Note that (11) requires \(q(t,r^*(t))\) to be continuous differentiable with respect to \(r\). This implies \(e(t), w(t,r')\) and \(\hat{e}(t,r,r')\), and thus Procrustes transforms \(\mathbf{T}_g\) and distances \(d_{\mathcal{P}}\), should be continuous differentiable with respect to \(r\). The residual \(d_{\mathcal{P}}\) is continuous and differentiable as it constitutes a metric in shape space (Al-Aifari et al., 2013). On the other hand, showing that the Procrustes optimisation result \(\mathbf{T}_g\) is continuous and differentiable with respect to \(r\) requires more development that can be found in Appendix A.

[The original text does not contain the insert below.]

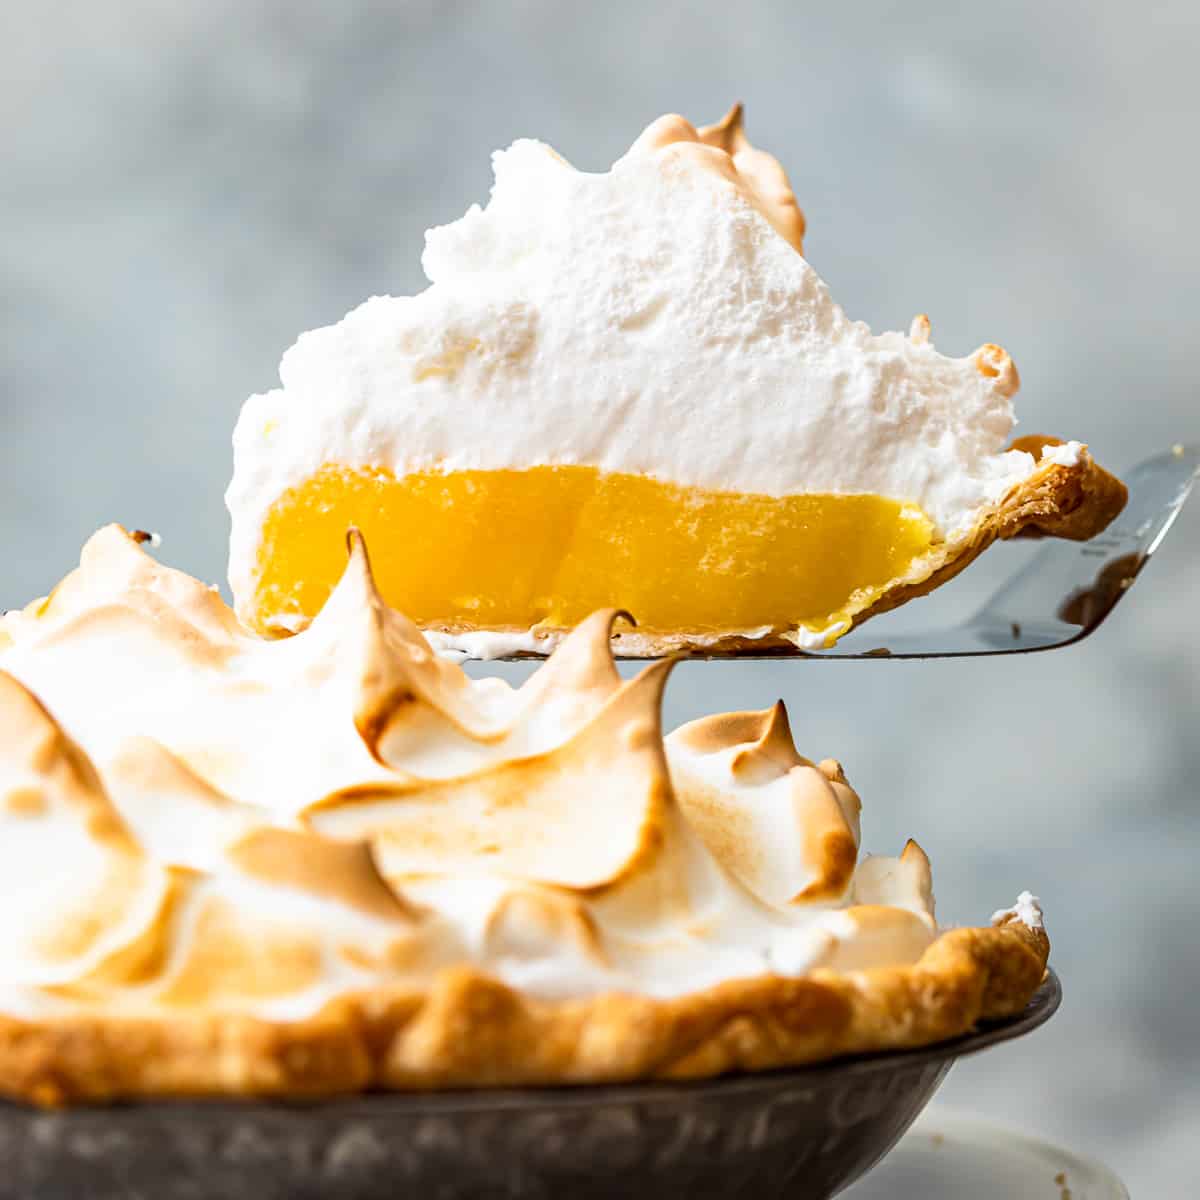 https://www.thecookierookie.com/wp-content/uploads/2021/03/featured-lemon-meringue-pie-recipe.jpg

We now provide some intuitions on impact of \(\beta\) in (7) on (11). When setting a low value for \(\beta\) (e.g., \(\beta=0.1\)), we assume that our LRB hypothesis holds even for actions and scales that lie far from our current actions \(\mathbf{U}_g(t)\) and scale \(r^*(t)\). Consequently, surface \(q(r,t)\) allows for a more unrestricted evolution of \(r^*(t)\), which could potentially lead to undesired system behaviours such as slower performance or, in the case of extremely low values of \(\beta\), to larger final error. On the other hand, a high \(\beta\) (e.g., \(\beta=1\times10^4\)) leads to a conservative \(q(r,t)\) surface that disregards estimates that lie far from the current actions and locally optimal scale. This conservative approach generates resistance to large changes in \(r^*(t)\), confining its movement to regions where the LRB hypothesis has been validated through measurements across iterations. Very large \(\beta\) values will not compromise the system's effectiveness, but they will lead to slower convergence as \(r^*(t)\) evolves more conservatively.